12. 08. 2024 Csaba Remenar ITOA, NetEye

How to Integrate Metrics Collected in OpenShift into NetEye/Grafana

OpenShift already has a built-in monitoring suite with Prometheus, Grafana, and Alertmanager. This is all well and good, but what if organizations want to monitor their entire infrastructure, integrating all monitoring results under one umbrella? In this case, it’s necessary to send the metrics somehow from OpenShift to NetEye.
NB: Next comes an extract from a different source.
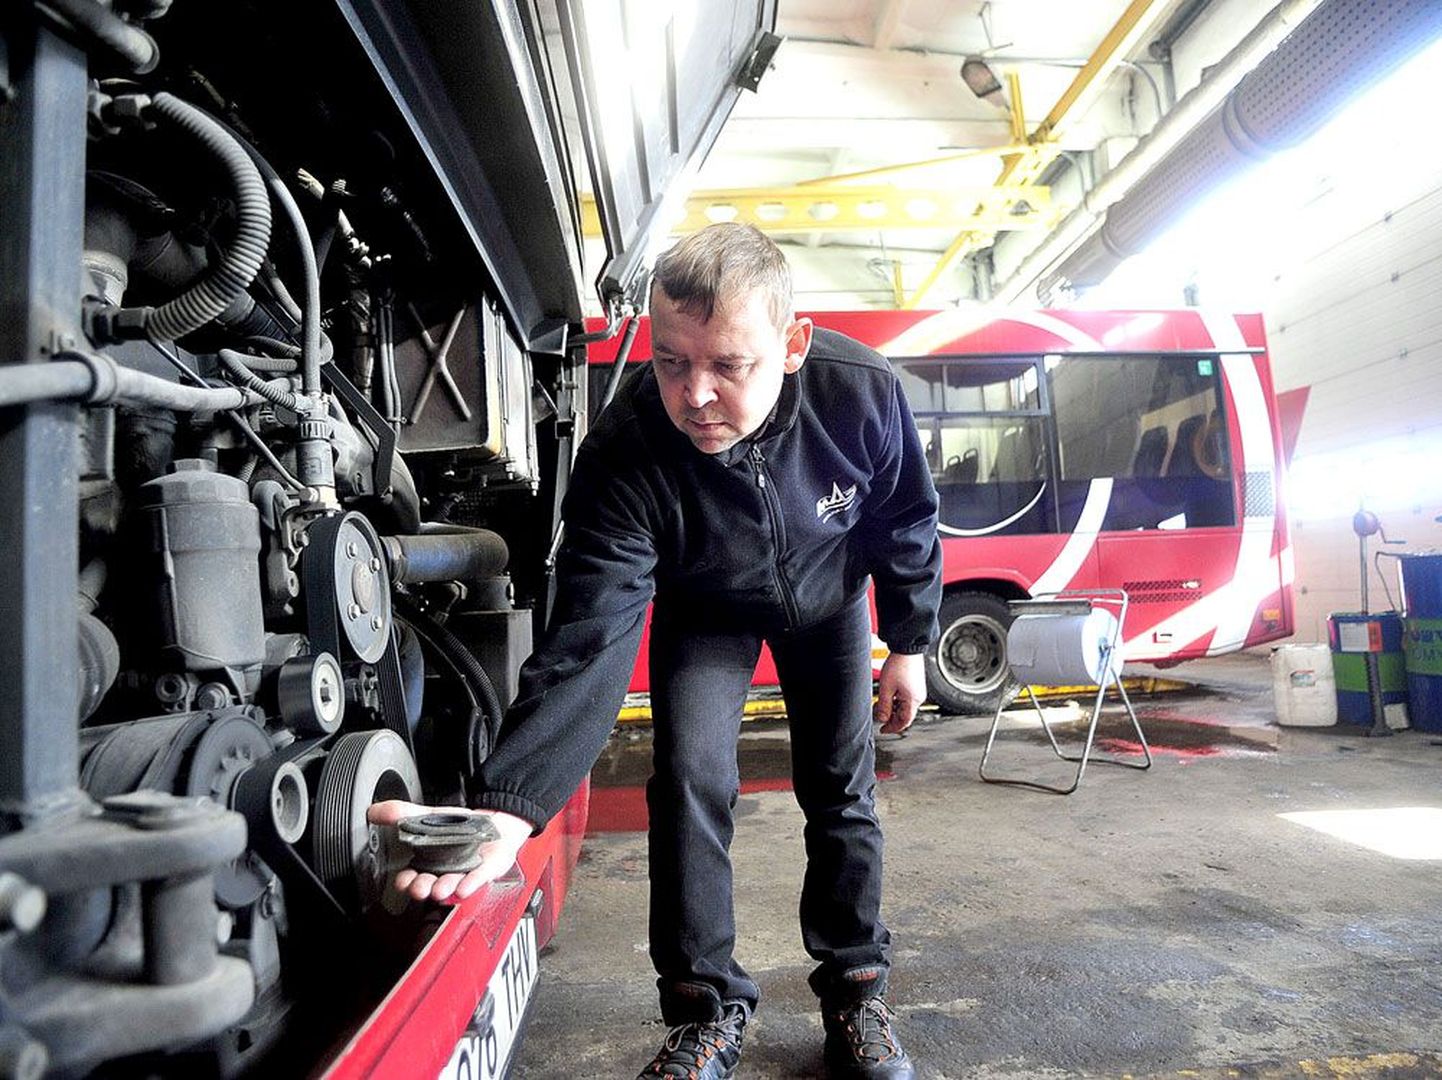 Maz Eesti direktor Heikki Tälli näitab midibussi mootoripatja, mis ei suuda Mercedese mootori tekitatavat vibratsiooni küllaldaselt summutada.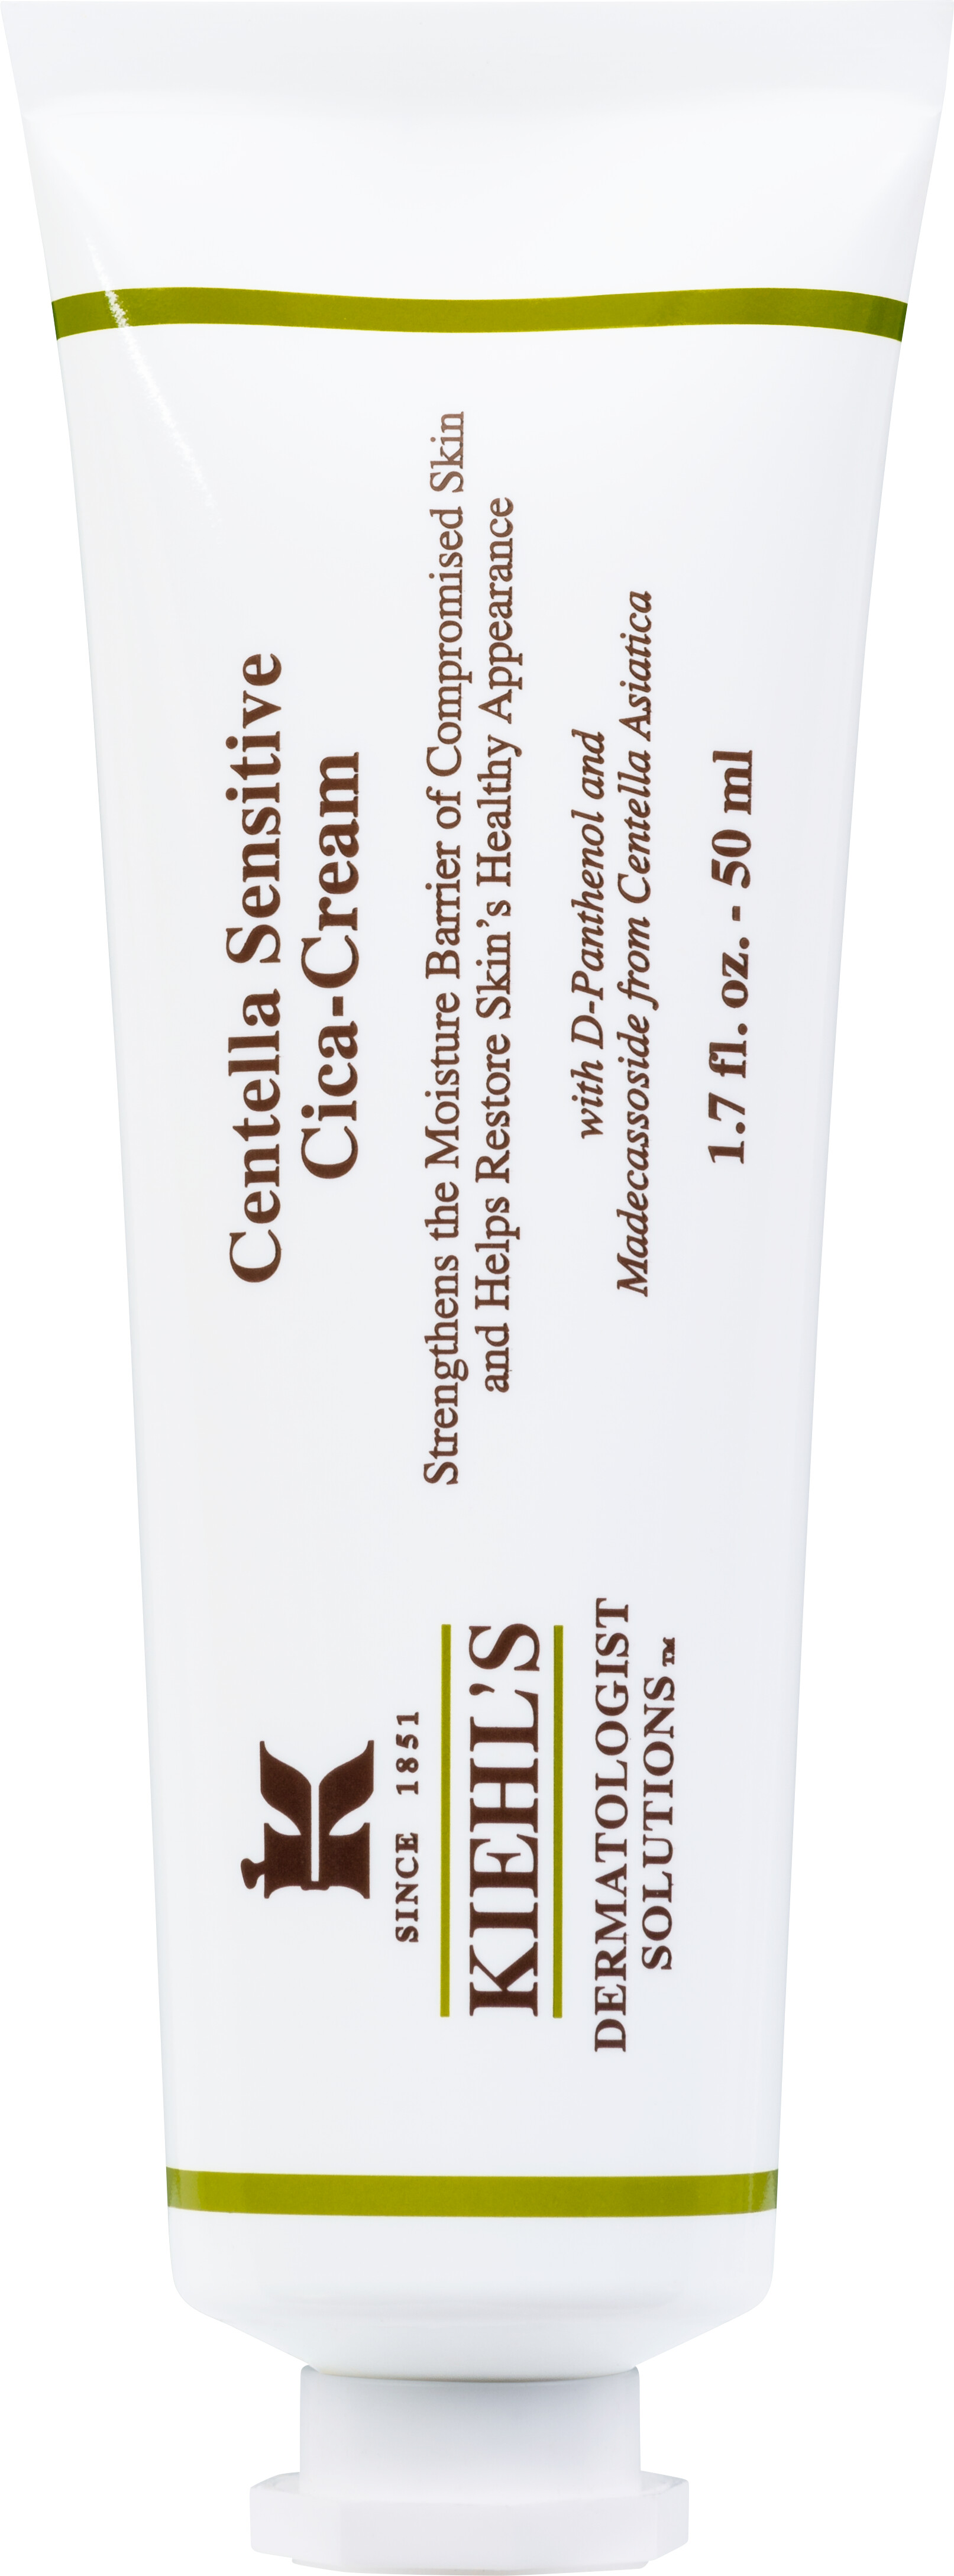 Kiehl's Centella Sensitive Cica-Cream 50ml

In this tutorial, I’ll show you how to integrate metrics collected in OpenShift into NetEye/Grafana in two different ways. Each approach is quite different and suited to different needs.

Integration method 1: With this strategy we want to collect all metrics into a local time series database. Your first reaction might be “why duplicate the metrics?” We’ll see the pros and cons at the end of this post.

Integration method 2: Consume all metrics provided by Prometheus directly in Grafana.

Method 1

In this example, we’ll create one remote write endpoint using the Telegraf http_listener_v2 plugin.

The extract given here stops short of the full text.